# Won't find any mass storage plugs



## cor (Jul 23, 2009)

Dear community,

im really satisfied with BSD but it just wont find any of my plugs.
Can't be the USB ports since it also detects my mouse.

But as soon as I plug in a normal flash drive, cell phone or my samsung mp3 player itll give me no response, meaning that theres no hardware detection or anything.

So what am I doing wrong? Any Tips?

Additional: Sry if double post, I'm using the 7.2 version...

greetings


----------



## SirDice (Jul 23, 2009)

cor said:
			
		

> But as soon as I plug in a normal flash drive, cell phone or my samsung mp3 player itll give me no response, meaning that theres no hardware detection or anything.


You won't hear a "ding" similar to what happens with Windows :e



> So what am I doing wrong?
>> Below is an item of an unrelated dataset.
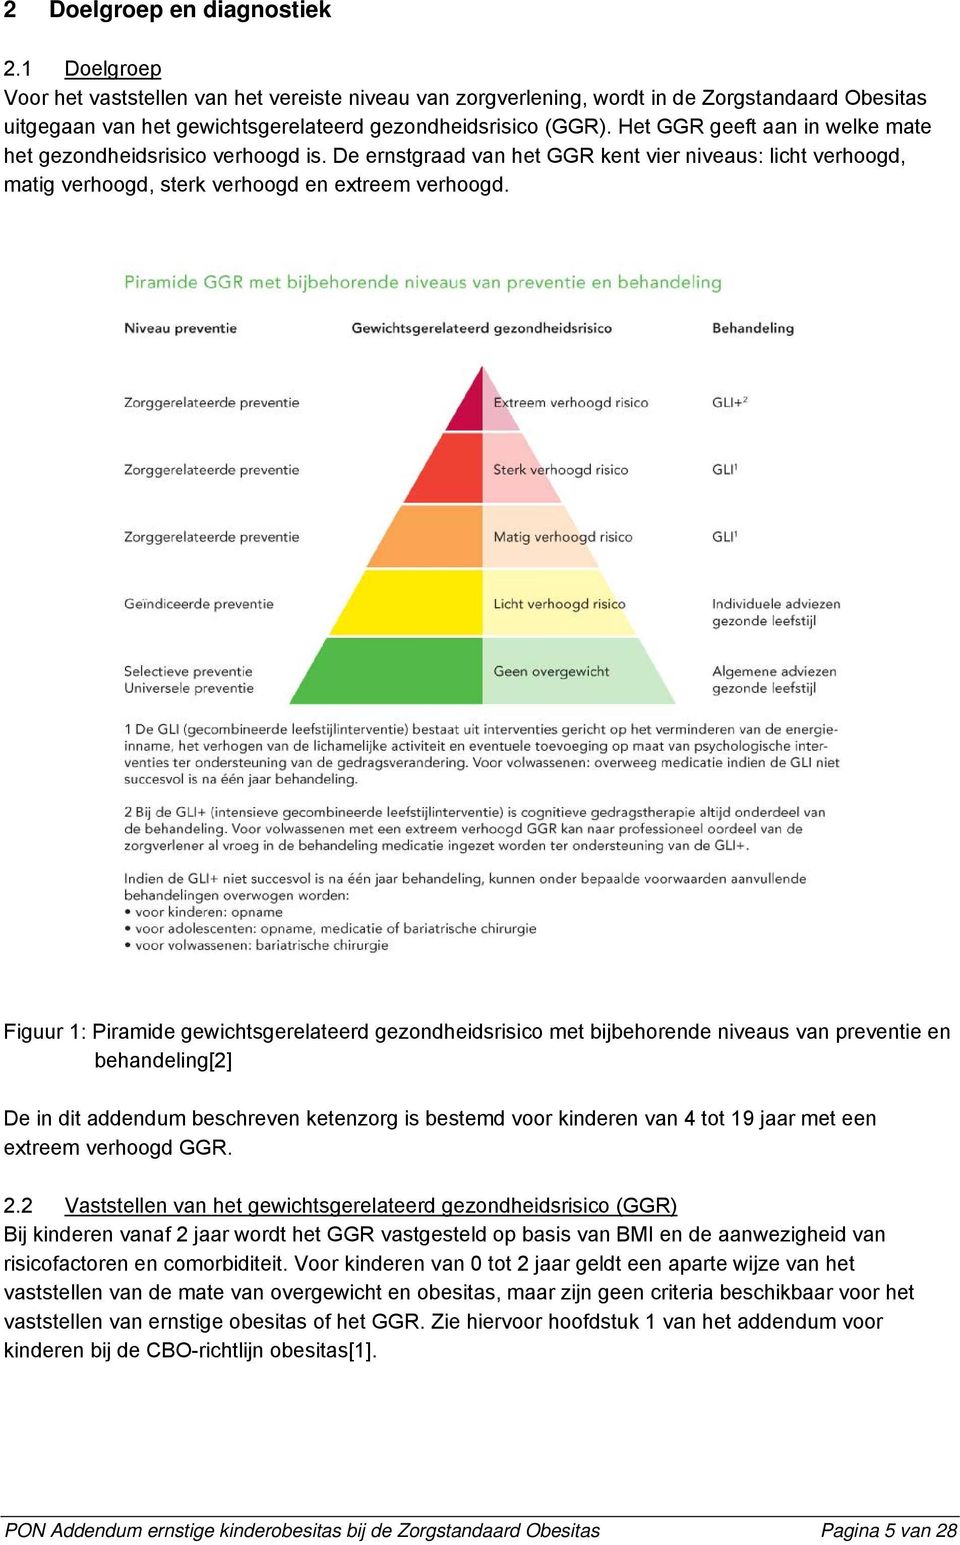 Het GGR geeft aan in welke mate het gezondheidsrisico verhoogd is. De ernstgraad van het GGR kent vier niveaus: licht verhoogd, matig verhoogd, sterk verhoogd en extreem verhoogd.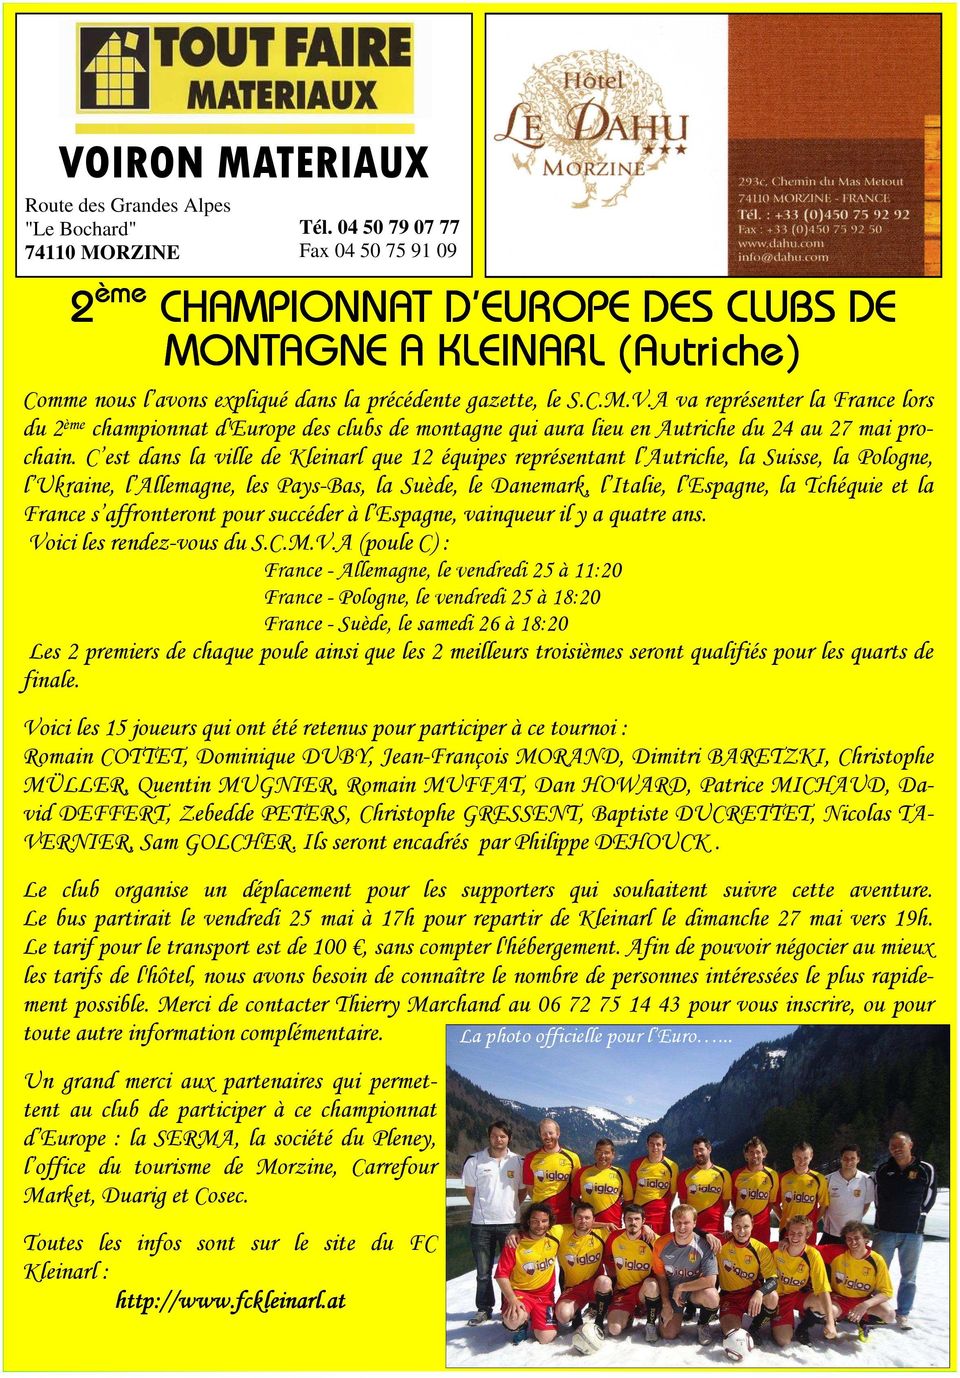 A va représenter la France lors du 2ème championnat d'europe des clubs de montagne qui aura lieu en Autriche du 24 au 27 mai prochain.

Any Tips?


Probably nothing wrong you just haven't figured out how it works yet 

If you use GNOME, KDE or XFCE follow this FAQ:
http://www.freebsd.org/gnome/docs/halfaq.html

It will show you how to setup HAL so the Desktop Environment can automount it for you.


----------



## cor (Jul 23, 2009)

Wow, that was the freakin fastest replie I ever got and the nicest thing: IT EVEN WORKS 
Thank you very much...

And by the way, I'm not comin from windows so didnt expect a pling, but from Debian and there all my devices got automatically mounted 

Thx again, greetings


----------